High-volume batch processors. The 0.05s/page local mode and 0.43s/page hybrid mode make this practical for document-heavy workflows. Legal discovery, insurance claims, financial document processing.

The Bigger Picture

OpenDataLoader PDF is interesting because it sits at the intersection of two massive trends. The AI data pipeline trend needs better PDF extraction for RAG, agents, and fine-tuning. The accessibility compliance trend needs automated remediation before regulators levy real fines.

Hancom's bet is that the same core technology (layout analysis and structure detection) serves both markets. The open-source extraction engine builds community and adoption. The accessibility pipeline creates enterprise revenue. The Hancom Data Loader integration (coming Q2-Q3 2026) adds customer-customized AI models for domain-specific documents.

Whether OpenDataLoader becomes the standard PDF parser for AI pipelines depends on whether the community develops around it.
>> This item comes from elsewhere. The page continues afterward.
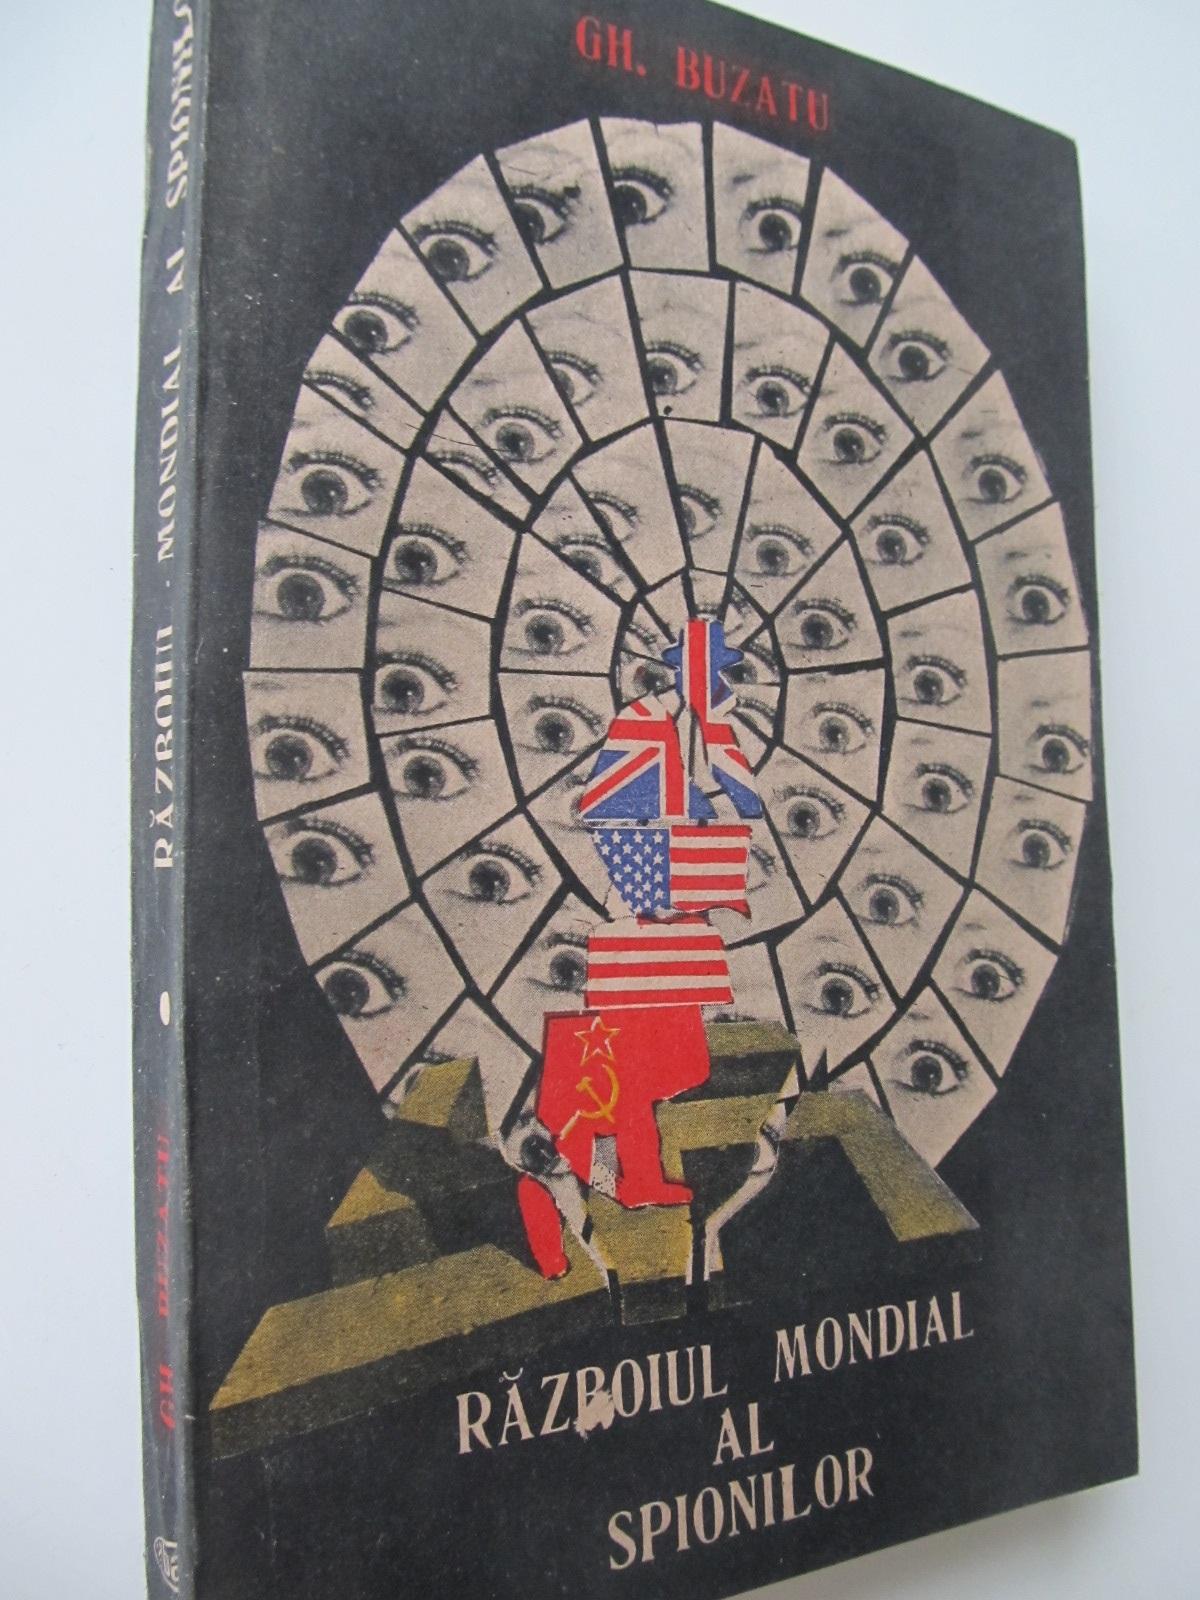 Razboiul mondial al spionilor - Gh. Buzatu   Detalii carte

The benchmarks are strong. The bounding box feature is unique. The accessibility angle is timely. The Apache 2.0 license removes adoption friction. But it is still early. The project needs more integrations (LlamaIndex, Gemini CLI, and MCP support are planned), more community contributors, and the auto-tagging feature to actually ship.

For now, if you need structured PDF data with coordinates and you care about security, OpenDataLoader is the strongest open-source option available. If you also have accessibility compliance on your roadmap, it might be the only tool you need.